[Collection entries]
= Beginning of Section =
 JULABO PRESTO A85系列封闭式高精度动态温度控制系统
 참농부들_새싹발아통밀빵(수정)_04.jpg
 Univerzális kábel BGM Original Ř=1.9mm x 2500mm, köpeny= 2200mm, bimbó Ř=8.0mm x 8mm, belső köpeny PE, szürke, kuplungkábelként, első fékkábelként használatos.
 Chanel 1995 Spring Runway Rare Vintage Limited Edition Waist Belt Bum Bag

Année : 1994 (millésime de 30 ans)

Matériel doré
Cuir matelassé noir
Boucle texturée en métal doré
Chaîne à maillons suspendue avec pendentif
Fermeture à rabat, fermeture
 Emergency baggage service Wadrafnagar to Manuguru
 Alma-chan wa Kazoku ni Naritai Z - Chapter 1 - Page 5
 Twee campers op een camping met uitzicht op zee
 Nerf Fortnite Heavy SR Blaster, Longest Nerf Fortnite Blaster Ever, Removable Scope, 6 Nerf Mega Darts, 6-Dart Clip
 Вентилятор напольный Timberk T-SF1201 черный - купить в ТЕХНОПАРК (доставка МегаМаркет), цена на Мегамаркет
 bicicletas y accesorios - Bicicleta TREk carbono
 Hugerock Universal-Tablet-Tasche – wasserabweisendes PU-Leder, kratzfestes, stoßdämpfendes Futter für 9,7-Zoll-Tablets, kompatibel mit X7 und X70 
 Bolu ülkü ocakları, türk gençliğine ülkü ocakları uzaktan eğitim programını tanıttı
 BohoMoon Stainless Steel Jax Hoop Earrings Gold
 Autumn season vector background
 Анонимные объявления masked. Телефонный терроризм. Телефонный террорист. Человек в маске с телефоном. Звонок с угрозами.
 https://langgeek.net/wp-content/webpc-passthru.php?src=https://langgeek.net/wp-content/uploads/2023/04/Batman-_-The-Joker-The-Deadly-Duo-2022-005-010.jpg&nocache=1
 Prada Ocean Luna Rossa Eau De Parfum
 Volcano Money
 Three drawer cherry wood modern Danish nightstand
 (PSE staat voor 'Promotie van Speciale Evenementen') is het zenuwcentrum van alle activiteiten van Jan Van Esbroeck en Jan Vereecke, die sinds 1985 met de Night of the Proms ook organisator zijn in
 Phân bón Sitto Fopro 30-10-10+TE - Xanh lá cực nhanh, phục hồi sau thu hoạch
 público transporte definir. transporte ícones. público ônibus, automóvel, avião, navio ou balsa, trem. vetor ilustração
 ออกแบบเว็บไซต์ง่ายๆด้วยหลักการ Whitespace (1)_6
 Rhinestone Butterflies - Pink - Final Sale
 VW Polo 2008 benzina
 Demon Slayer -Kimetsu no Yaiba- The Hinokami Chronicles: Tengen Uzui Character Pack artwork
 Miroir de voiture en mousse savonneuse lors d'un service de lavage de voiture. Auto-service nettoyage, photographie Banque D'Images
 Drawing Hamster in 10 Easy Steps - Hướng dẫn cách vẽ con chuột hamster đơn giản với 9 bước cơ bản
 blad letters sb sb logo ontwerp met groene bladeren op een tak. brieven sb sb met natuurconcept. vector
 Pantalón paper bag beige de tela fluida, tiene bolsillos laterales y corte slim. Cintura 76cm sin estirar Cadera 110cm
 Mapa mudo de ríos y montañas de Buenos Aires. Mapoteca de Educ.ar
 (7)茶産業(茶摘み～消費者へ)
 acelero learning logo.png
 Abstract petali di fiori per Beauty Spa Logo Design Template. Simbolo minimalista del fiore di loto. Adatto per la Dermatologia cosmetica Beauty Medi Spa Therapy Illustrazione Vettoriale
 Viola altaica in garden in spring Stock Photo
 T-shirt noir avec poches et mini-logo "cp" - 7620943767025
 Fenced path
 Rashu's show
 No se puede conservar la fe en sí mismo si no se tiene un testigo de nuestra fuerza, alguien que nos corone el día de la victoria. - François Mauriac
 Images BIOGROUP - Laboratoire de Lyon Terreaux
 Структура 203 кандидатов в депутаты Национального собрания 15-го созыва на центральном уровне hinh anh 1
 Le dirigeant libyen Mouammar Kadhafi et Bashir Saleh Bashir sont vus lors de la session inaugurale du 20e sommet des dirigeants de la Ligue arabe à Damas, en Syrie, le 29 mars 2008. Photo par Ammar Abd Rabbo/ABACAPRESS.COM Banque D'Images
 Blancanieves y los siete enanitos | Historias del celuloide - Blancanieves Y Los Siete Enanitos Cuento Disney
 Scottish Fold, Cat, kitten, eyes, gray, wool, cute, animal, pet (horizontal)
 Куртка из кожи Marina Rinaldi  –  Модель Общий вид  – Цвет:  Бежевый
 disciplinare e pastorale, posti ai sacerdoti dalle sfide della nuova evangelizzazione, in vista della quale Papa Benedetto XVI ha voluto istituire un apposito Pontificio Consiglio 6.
= End of Section =
From the first line to the last, return the data exactly as written.

 JULABO PRESTO A85系列封闭式高精度动态温度控制系统
 참농부들_새싹발아통밀빵(수정)_04.jpg
 Univerzális kábel BGM Original Ř=1.9mm x 2500mm, köpeny= 2200mm, bimbó Ř=8.0mm x 8mm, belső köpeny PE, szürke, kuplungkábelként, első fékkábelként használatos.
 Chanel 1995 Spring Runway Rare Vintage Limited Edition Waist Belt Bum Bag

Année : 1994 (millésime de 30 ans)

Matériel doré
Cuir matelassé noir
Boucle texturée en métal doré
Chaîne à maillons suspendue avec pendentif
Fermeture à rabat, fermeture
 Emergency baggage service Wadrafnagar to Manuguru
 Alma-chan wa Kazoku ni Naritai Z - Chapter 1 - Page 5
 Twee campers op een camping met uitzicht op zee
 Nerf Fortnite Heavy SR Blaster, Longest Nerf Fortnite Blaster Ever, Removable Scope, 6 Nerf Mega Darts, 6-Dart Clip
 Вентилятор напольный Timberk T-SF1201 черный - купить в ТЕХНОПАРК (доставка МегаМаркет), цена на Мегамаркет
 bicicletas y accesorios - Bicicleta TREk carbono
 Hugerock Universal-Tablet-Tasche – wasserabweisendes PU-Leder, kratzfestes, stoßdämpfendes Futter für 9,7-Zoll-Tablets, kompatibel mit X7 und X70 
 Bolu ülkü ocakları, türk gençliğine ülkü ocakları uzaktan eğitim programını tanıttı
 BohoMoon Stainless Steel Jax Hoop Earrings Gold
 Autumn season vector background
 Анонимные объявления masked. Телефонный терроризм. Телефонный террорист. Человек в маске с телефоном. Звонок с угрозами.
 https://langgeek.net/wp-content/webpc-passthru.php?src=https://langgeek.net/wp-content/uploads/2023/04/Batman-_-The-Joker-The-Deadly-Duo-2022-005-010.jpg&nocache=1
 Prada Ocean Luna Rossa Eau De Parfum
 Volcano Money
 Three drawer cherry wood modern Danish nightstand
 (PSE staat voor 'Promotie van Speciale Evenementen') is het zenuwcentrum van alle activiteiten van Jan Van Esbroeck en Jan Vereecke, die sinds 1985 met de Night of the Proms ook organisator zijn in
 Phân bón Sitto Fopro 30-10-10+TE - Xanh lá cực nhanh, phục hồi sau thu hoạch
 público transporte definir. transporte ícones. público ônibus, automóvel, avião, navio ou balsa, trem. vetor ilustração
 ออกแบบเว็บไซต์ง่ายๆด้วยหลักการ Whitespace (1)_6
 Rhinestone Butterflies - Pink - Final Sale
 VW Polo 2008 benzina
 Demon Slayer -Kimetsu no Yaiba- The Hinokami Chronicles: Tengen Uzui Character Pack artwork
 Miroir de voiture en mousse savonneuse lors d'un service de lavage de voiture. Auto-service nettoyage, photographie Banque D'Images
 Drawing Hamster in 10 Easy Steps - Hướng dẫn cách vẽ con chuột hamster đơn giản với 9 bước cơ bản
 blad letters sb sb logo ontwerp met groene bladeren op een tak. brieven sb sb met natuurconcept. vector
 Pantalón paper bag beige de tela fluida, tiene bolsillos laterales y corte slim. Cintura 76cm sin estirar Cadera 110cm
 Mapa mudo de ríos y montañas de Buenos Aires. Mapoteca de Educ.ar
 (7)茶産業(茶摘み～消費者へ)
 acelero learning logo.png
 Abstract petali di fiori per Beauty Spa Logo Design Template. Simbolo minimalista del fiore di loto. Adatto per la Dermatologia cosmetica Beauty Medi Spa Therapy Illustrazione Vettoriale
 Viola altaica in garden in spring Stock Photo
 T-shirt noir avec poches et mini-logo "cp" - 7620943767025
 Fenced path
 Rashu's show
 No se puede conservar la fe en sí mismo si no se tiene un testigo de nuestra fuerza, alguien que nos corone el día de la victoria. - François Mauriac
 Images BIOGROUP - Laboratoire de Lyon Terreaux
 Структура 203 кандидатов в депутаты Национального собрания 15-го созыва на центральном уровне hinh anh 1
 Le dirigeant libyen Mouammar Kadhafi et Bashir Saleh Bashir sont vus lors de la session inaugurale du 20e sommet des dirigeants de la Ligue arabe à Damas, en Syrie, le 29 mars 2008. Photo par Ammar Abd Rabbo/ABACAPRESS.COM Banque D'Images
 Blancanieves y los siete enanitos | Historias del celuloide - Blancanieves Y Los Siete Enanitos Cuento Disney
 Scottish Fold, Cat, kitten, eyes, gray, wool, cute, animal, pet (horizontal)
 Куртка из кожи Marina Rinaldi  –  Модель Общий вид  – Цвет:  Бежевый
 disciplinare e pastorale, posti ai sacerdoti dalle sfide della nuova evangelizzazione, in vista della quale Papa Benedetto XVI ha voluto istituire un apposito Pontificio Consiglio 6.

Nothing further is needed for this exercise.